Bizofit’s launch coincides with tectonic shifts occurring in the IT Services landscape. These shifts may even be considered the genesis of Bizofit (pronounced as: Biz of IT).

While the epicenter of these shifts is predominantly in the US, the tremors are being felt all the way in India – a natural result of the ‘Flat World’ that we are in today. Offshoring – a significant trend over the last 2 decades – is facing its biggest challenge today from another more recent trend i.e. ‘Cloud computing’.

Enterprises are rapidly transforming themselves, migrating to the Cloud, and consequently re-evaluating their Sourcing options. This new trend forcing enterprises to revisit their Sourcing/ Offshoring strategies is also being referred to as “Reshoring”. I have coined a new term ‘Cloudshoring’ to correlate this Reshoring strategy with the underlying trend to migrate to the Cloud.
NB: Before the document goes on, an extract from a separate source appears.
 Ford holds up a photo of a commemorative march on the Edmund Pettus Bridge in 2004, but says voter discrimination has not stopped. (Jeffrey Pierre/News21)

While the ‘Cloud’ may even represent a significant opportunity to some in the Indian IT Services industry, it is certainly likely to be a threat to several current players. While companies are trying to adapt to ‘Cloudshoring’, and perhaps even embracing this trend, there is likely to be a significant shakeout in the industry as a result.
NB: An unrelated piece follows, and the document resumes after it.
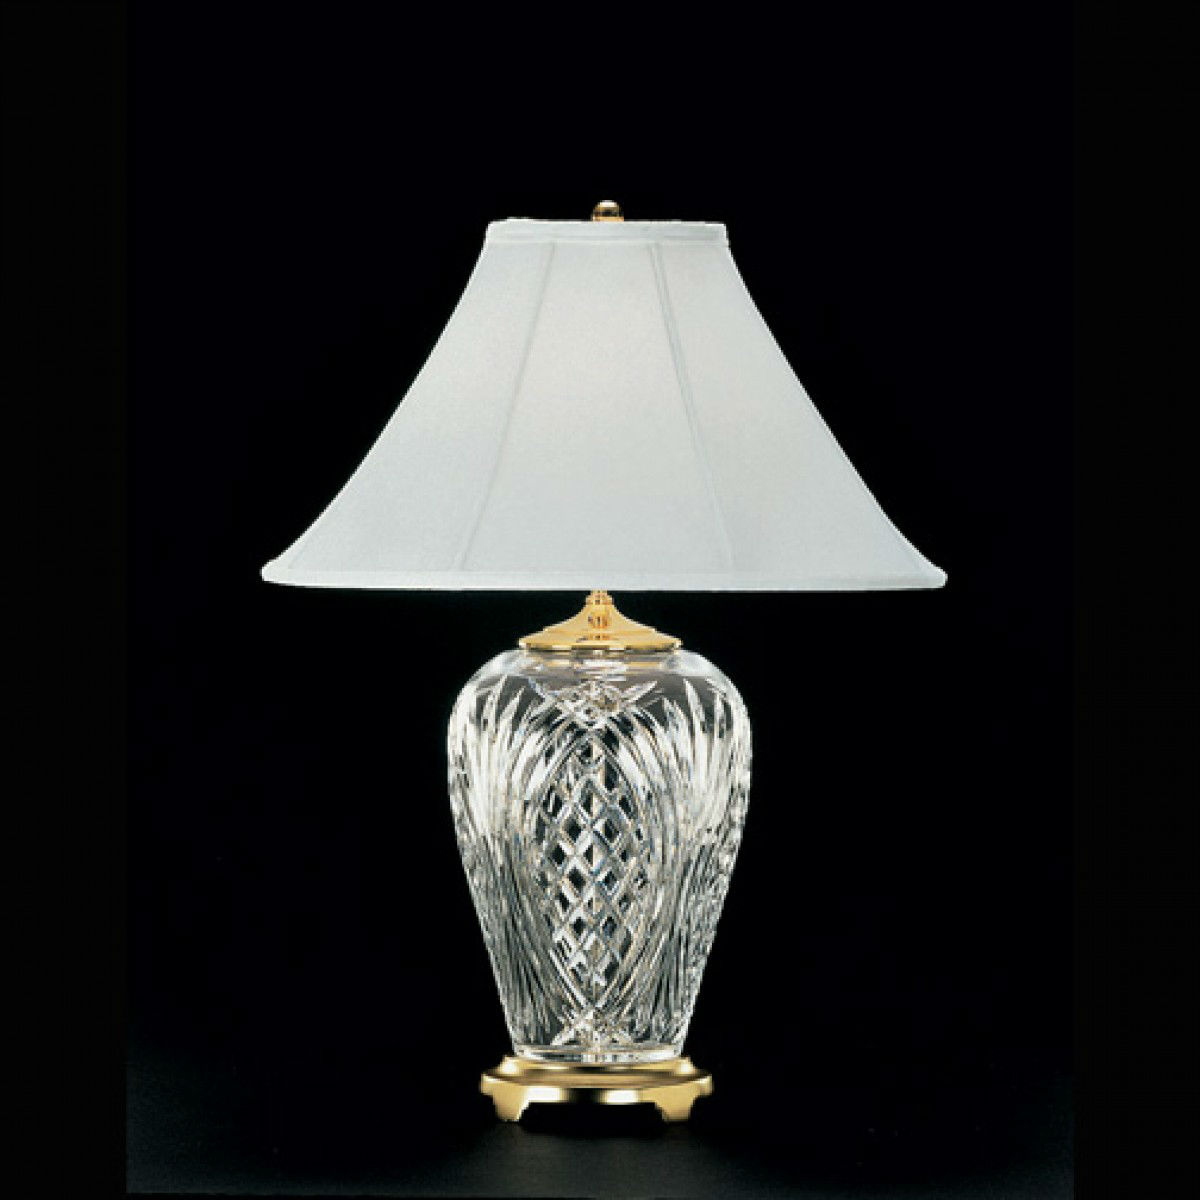 Waterford kilkenny 29 inch table lamp

To understand why the Industry’s Offshoring Business model is being challenged, it is important to understand the current context. The model that many leading companies have today, is the model of the last decade. The 90s was all about Staff Augmentation – providing skillsets at a certain $/hr, or in other words, “People”. The last decade was all about Distributed Labor, and executing tasks/ projects Onsite & Offshore leveraging quality “Processes”. Those that provided top notch people, and had robust industry-standard processes (SEI CMM, ITIL, Six Sigma, ISO etc.) did very well. However, with the recent trend to migrate to the Cloud, this decade is all about “Platforms” and “Partnerships” in addition to “People and Processes”– the ‘4P’ model as I call it.

One may argue that this changing landscape is well recognized in the industry, and that rapid strides are being made in this regard in terms of investments in Products or Platforms. Unfortunately, these investments have been extremely “reactive” in nature. Remember that the first time around, many of the leading companies were founded in the 80s (or before) – well before the Offshore wave – which means the investments were made “proactively” by companies, and the then-fledgling industry waited for external conditions i.e. Liberalization, advancements in Indian Telecommunications etc., to provide a conducive and enabling environment.
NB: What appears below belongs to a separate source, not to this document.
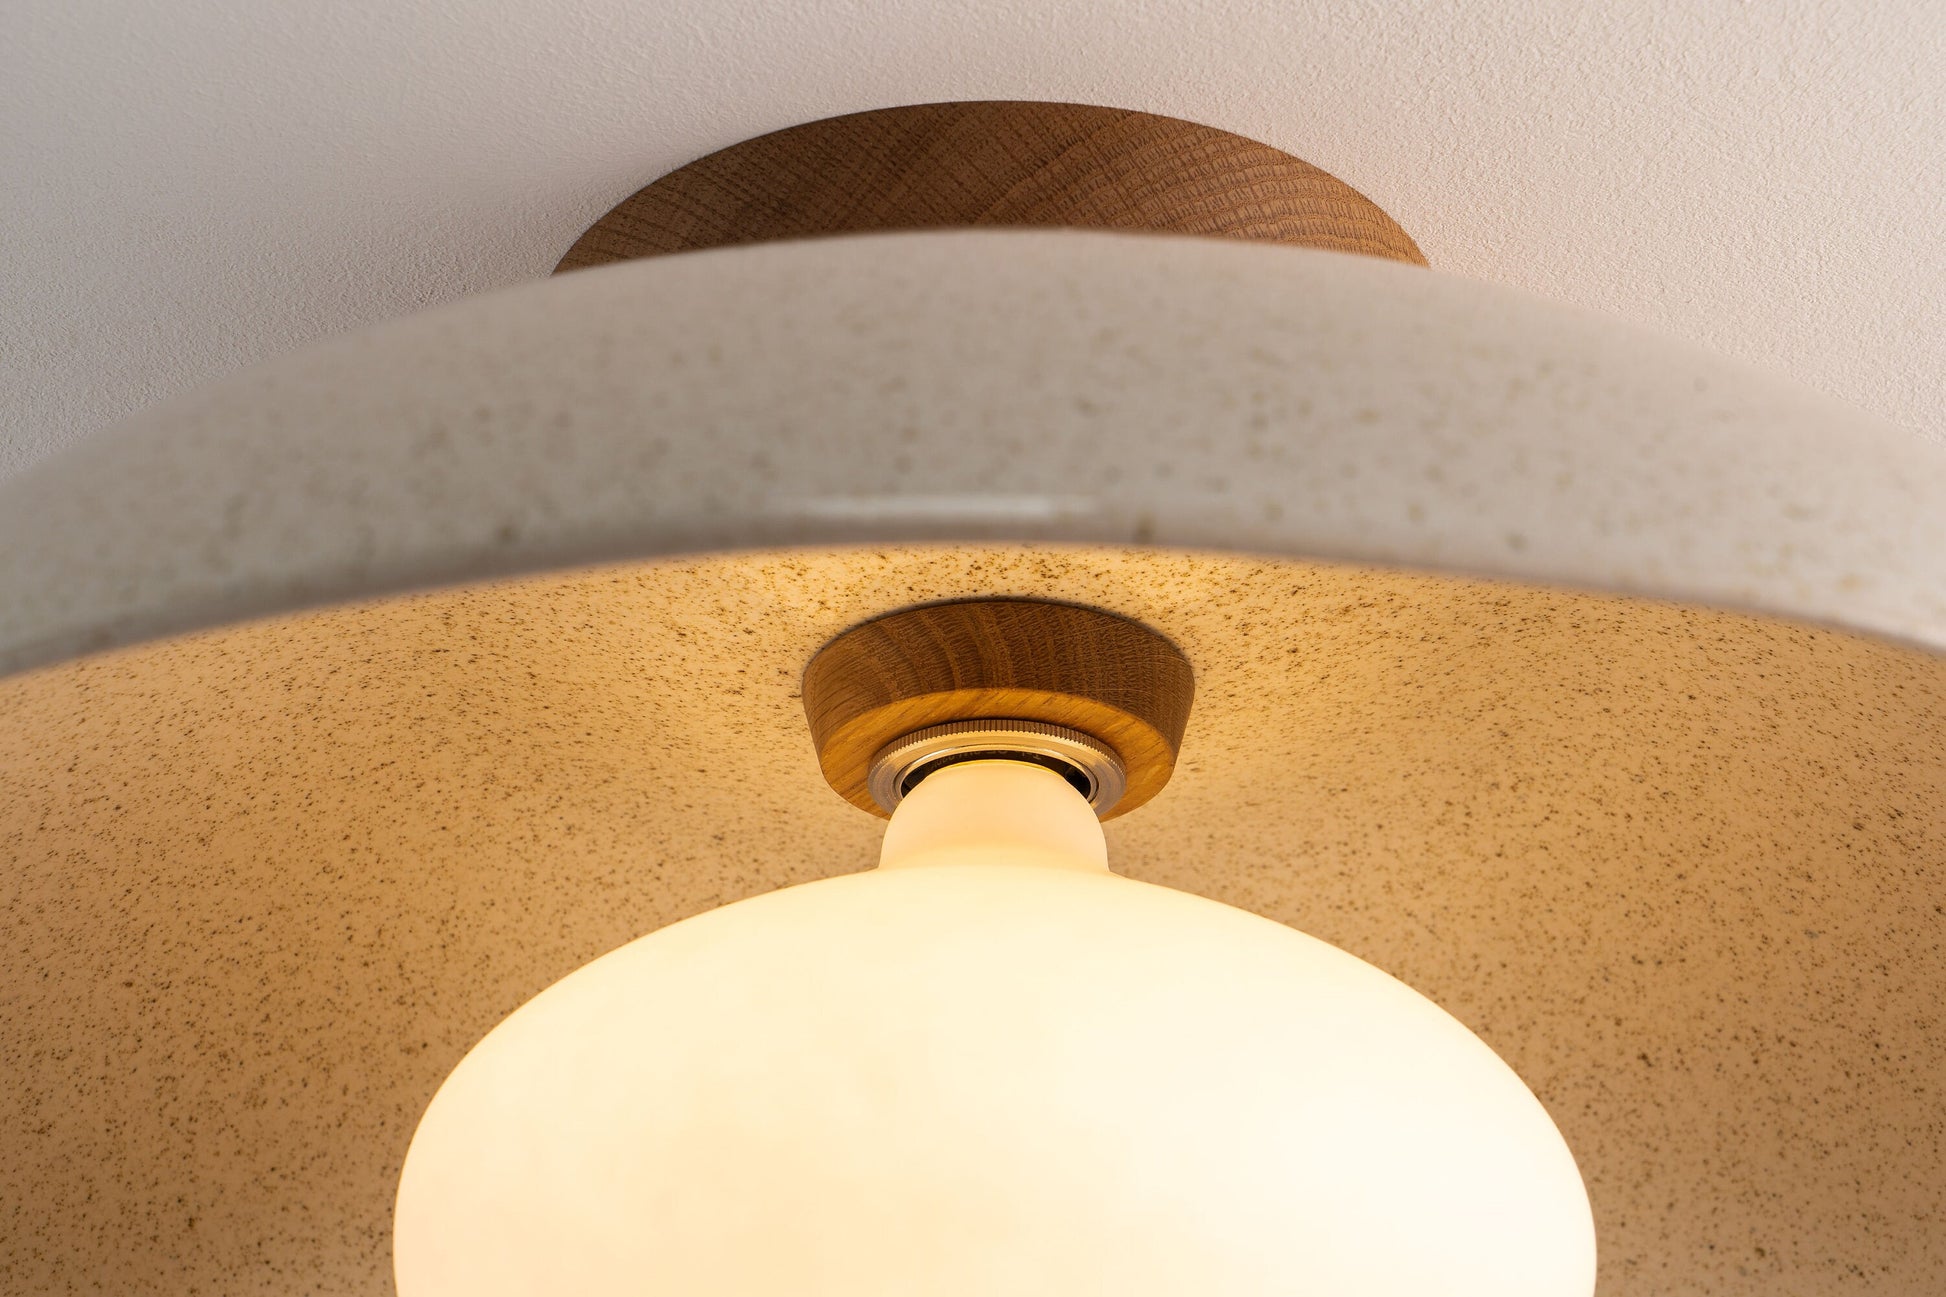 Speckled Cream Gloss XL Dawn Flush Mount Ceiling Light in Ceramic and Oak by StudioHaran

This time around, the leading companies are well behind the curve. Thanks to the “Cloud”, this curve is steep. Let me illustrate the point with an example. Even as recent as 5 years ago, a major transformation typically involved custom development/ implementation, which required armies of people to execute. It made sense to do this with an army of developers offshore for obvious cost and quality benefits. That pyramid model with a very broad base of freshers, and 1-3 years’ experience, served the leading Tier 1 companies well for the last 15+ years.

Fast forward to today. In the new “cloud” world, enterprises are realizing that Cloud, Transformation, and Automation are not mutually exclusive. You can achieve Transformation, by leveraging the Cloud, and an Automation Platform thus making redundant large armies of custom developers. Today, what you need is a lot fewer, but highly skilled and specialized “Architects” – Solution and Technology Architects – and not freshers, or recently trained / lightly experienced “generic” developers.

Further, having to advise clients/enterprises about technology choices between a large custom development effort (multi-million dollar program), and migrating to a Cloud Platform (involving much lower upfront IT Services spend), the companies are faced with an inherent conflict of interest.

Now, let us assume that companies have identified this trend, and are even adapting themselves quickly. Even if this were to be the case, it is highly unlikely to happen without an adverse impact on both revenues, and margins (in constant currency terms).

With these significant headwinds, it begs the question as to whether the 12-14 % forecasts Nasscom has put out for 2013-14 is too optimistic. Time will tell.